▸ PROBLEM STATEMENT: Before copying, find the line below that contains "Leather bag from"; then return it and all later lines exactly, up to and including the final line, with no pictures.
● ● ●
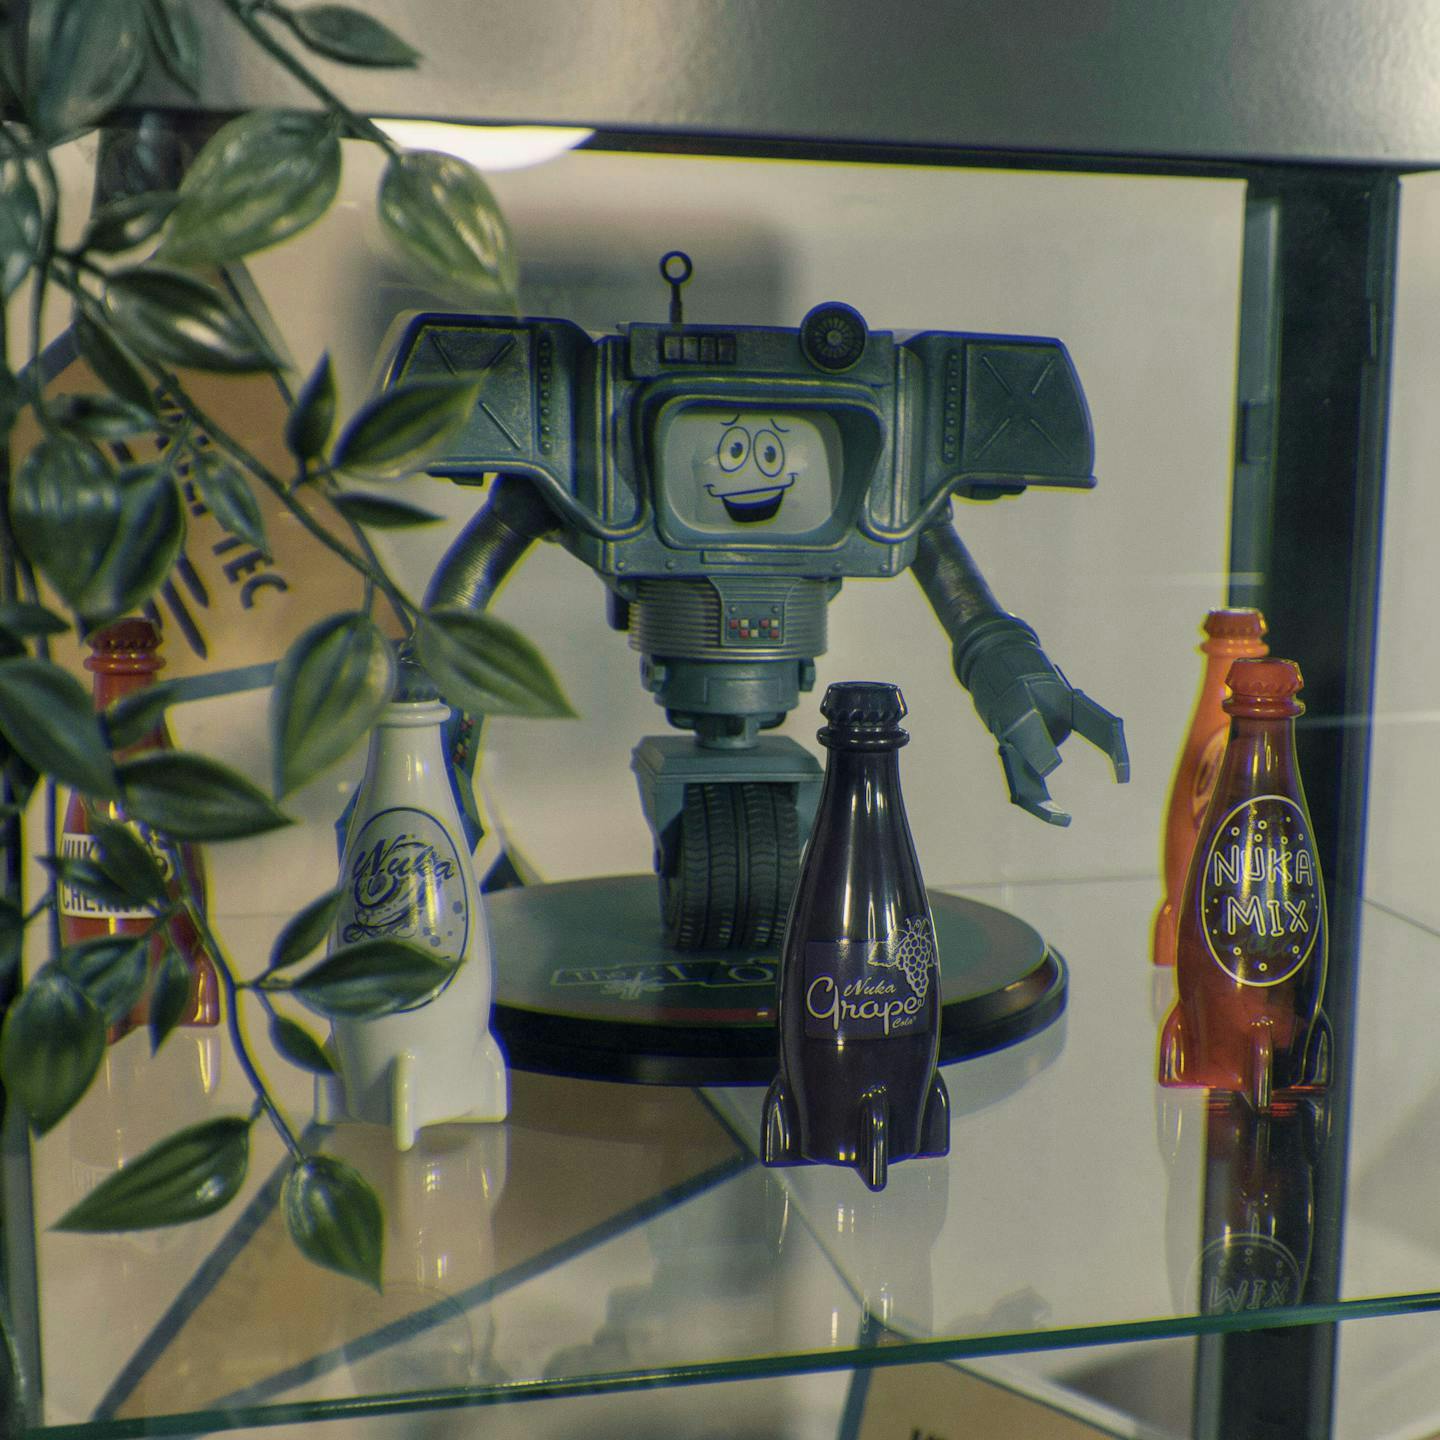 Gaming setup decor for Fallout with Securitron robot
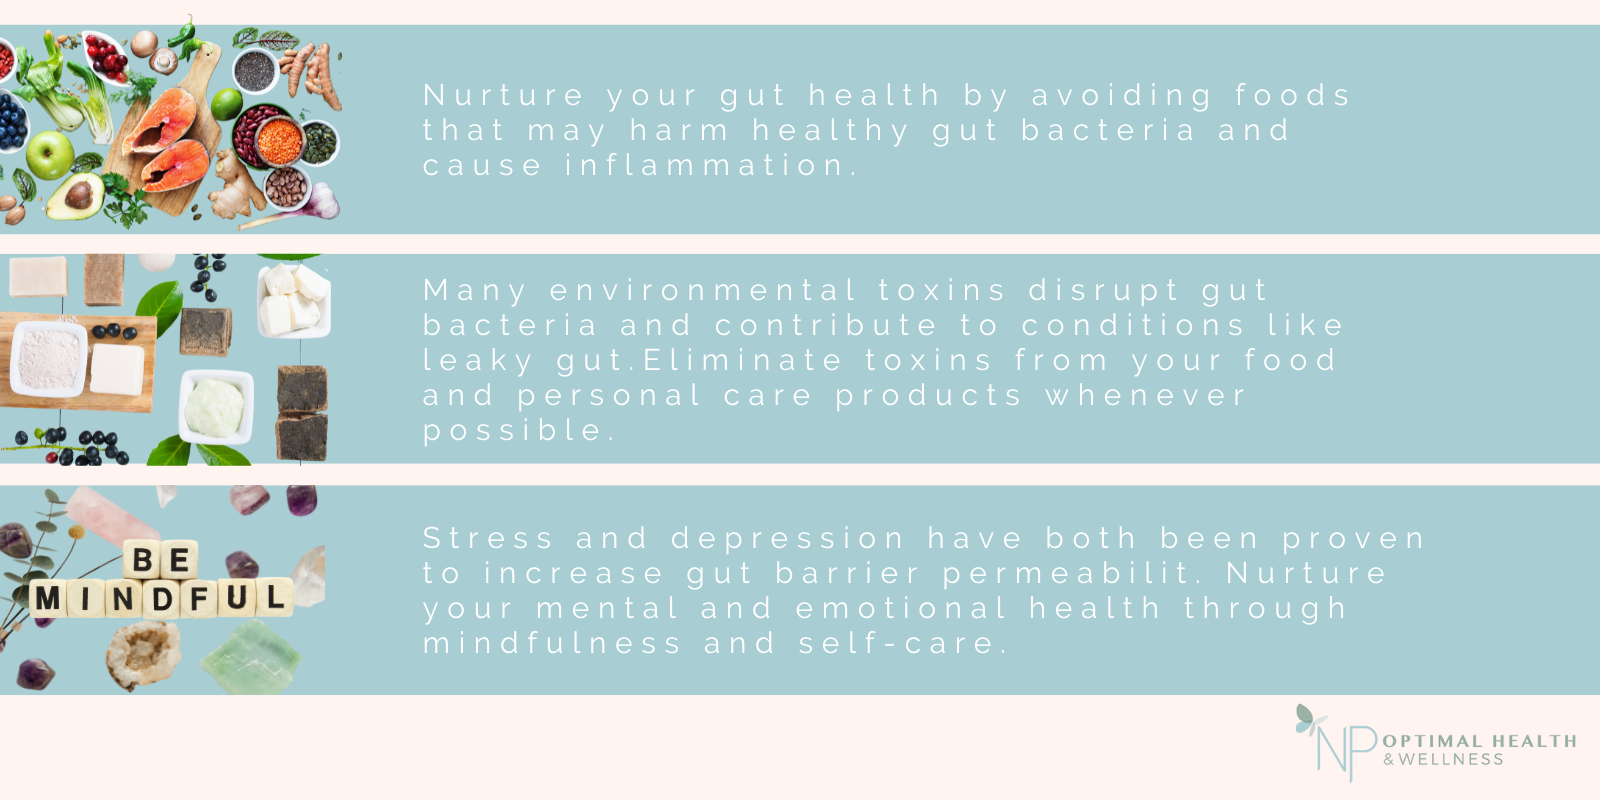 Ways to nurture a healthy gut through diet, stress management and reducing exposure to environmental toxins. 
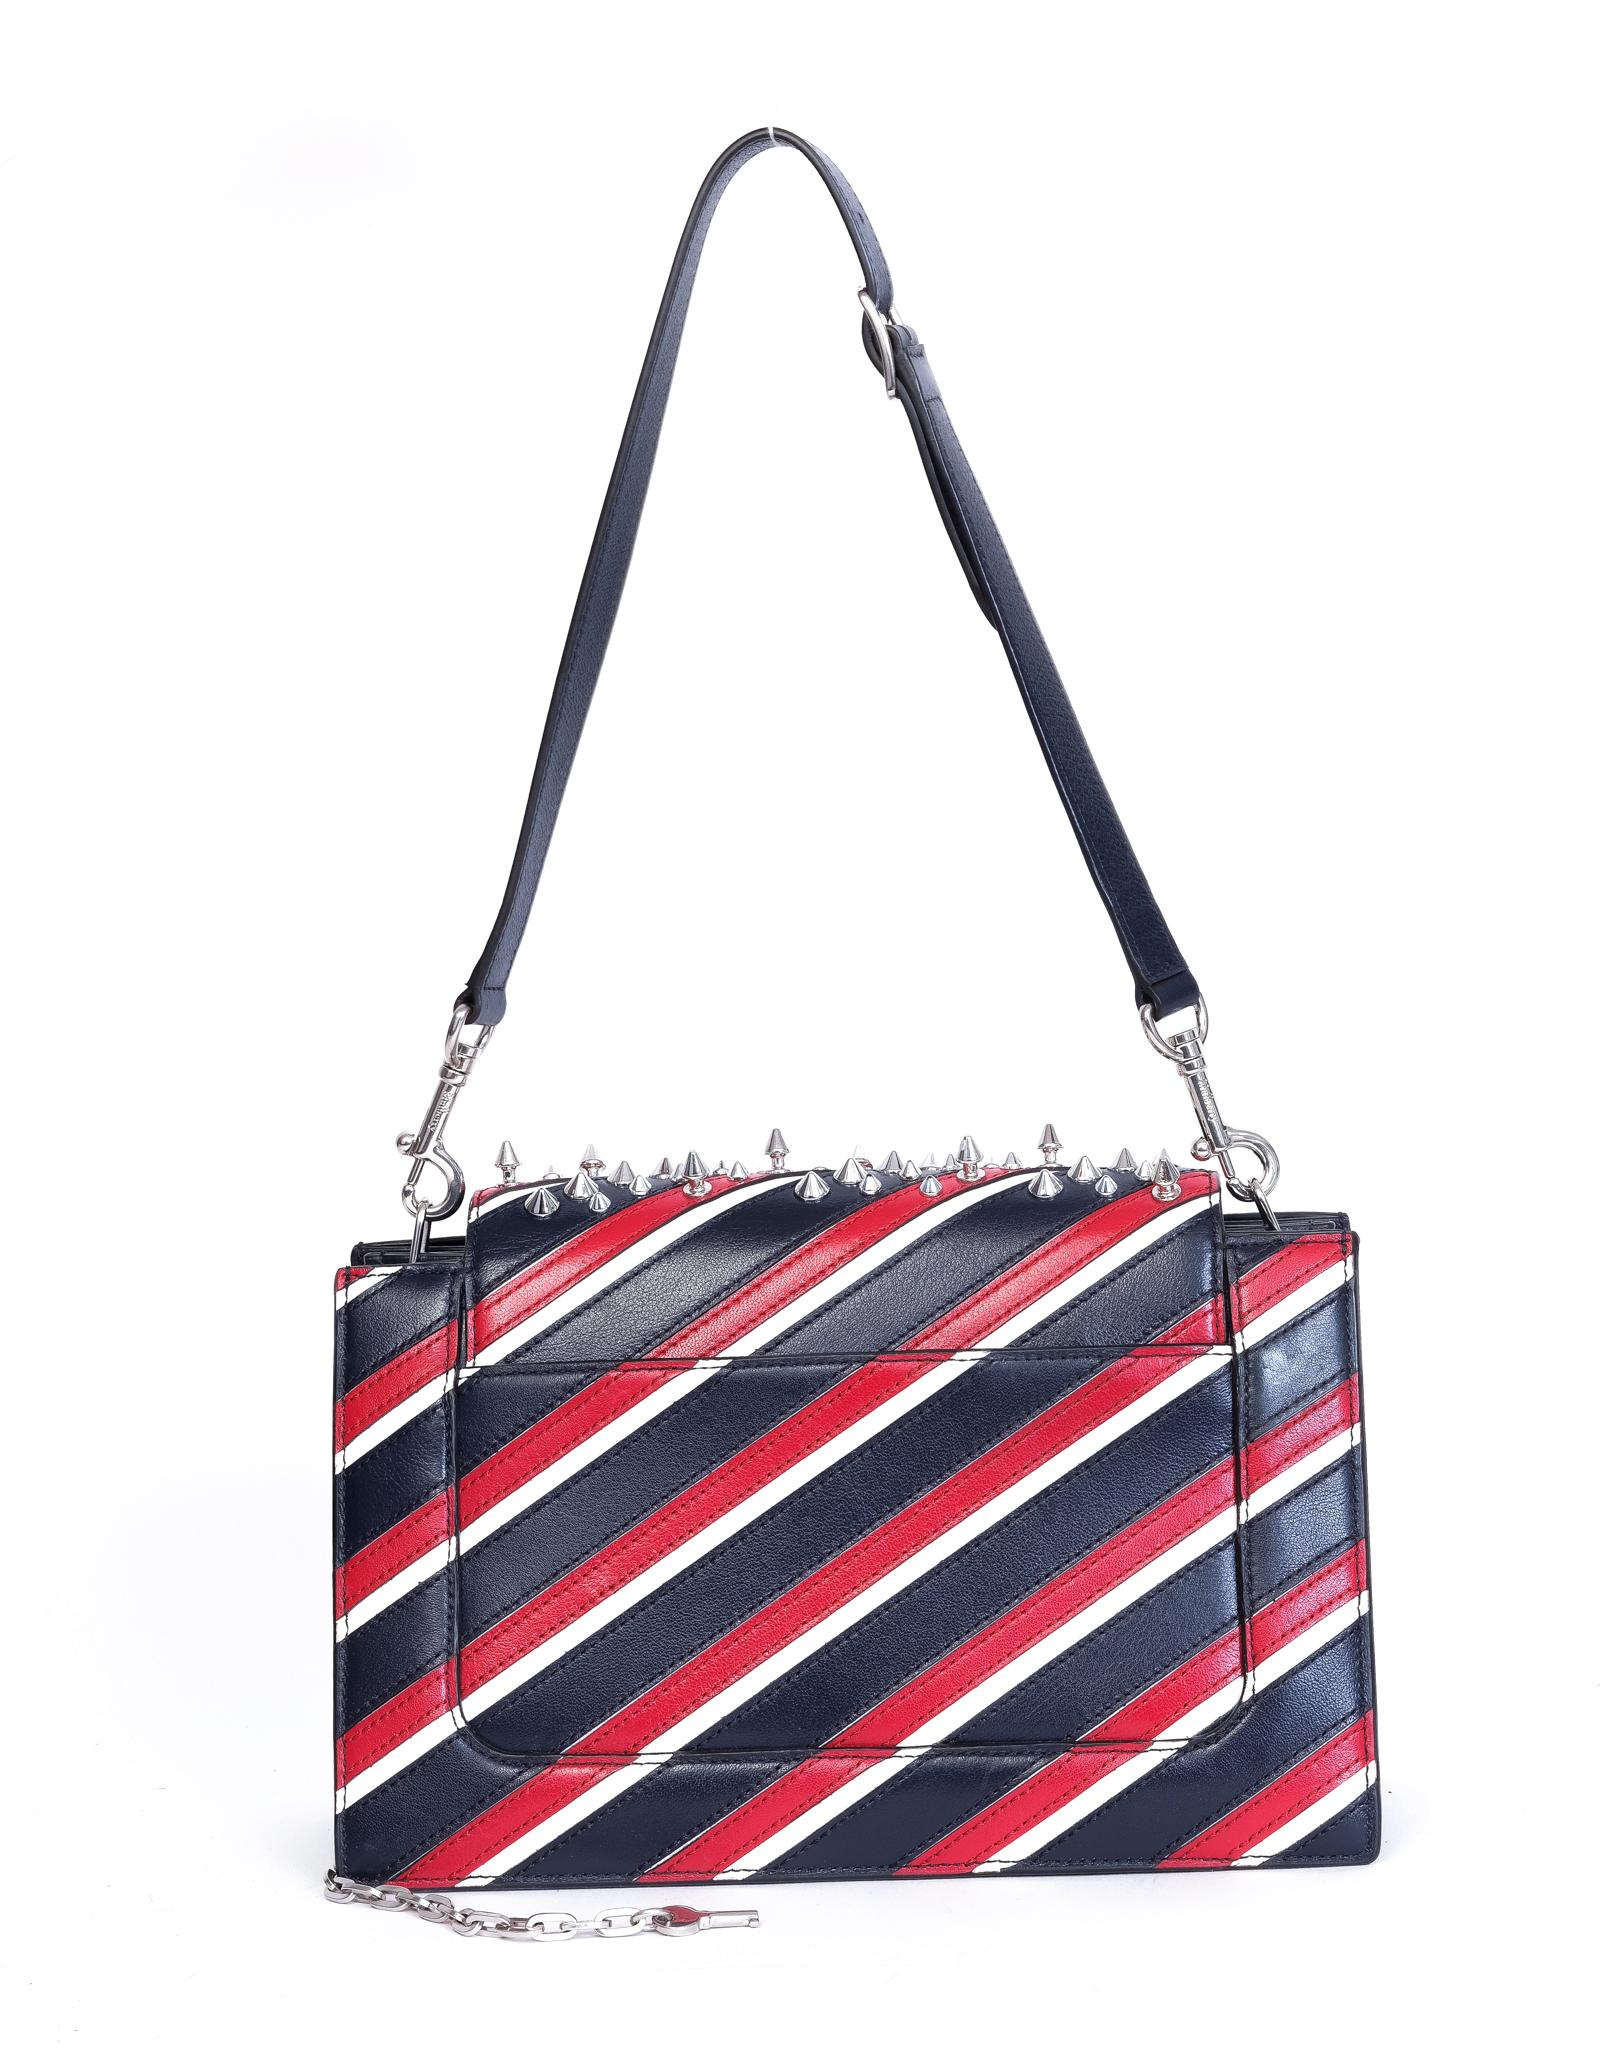 Leather bag from Mulberry with navy, red and white stripes with silver-tone studs and silver-tone hardware.

COLOR: Red, white, navy with sliver spikes
ITEM CODE: MAC
MATERIAL: Leather
MEASURES: H 7” x L 11 ” x D 5”
EST. RETAIL: $3000
COMES WITH:
● ● ●
▸ ANSWER:
 Leather bag from Mulberry with navy, red and white stripes with silver-tone studs and silver-tone hardware.

COLOR: Red, white, navy with sliver spikes
ITEM CODE: MAC
MATERIAL: Leather
MEASURES: H 7” x L 11 ” x D 5”
EST. RETAIL: $3000
COMES WITH:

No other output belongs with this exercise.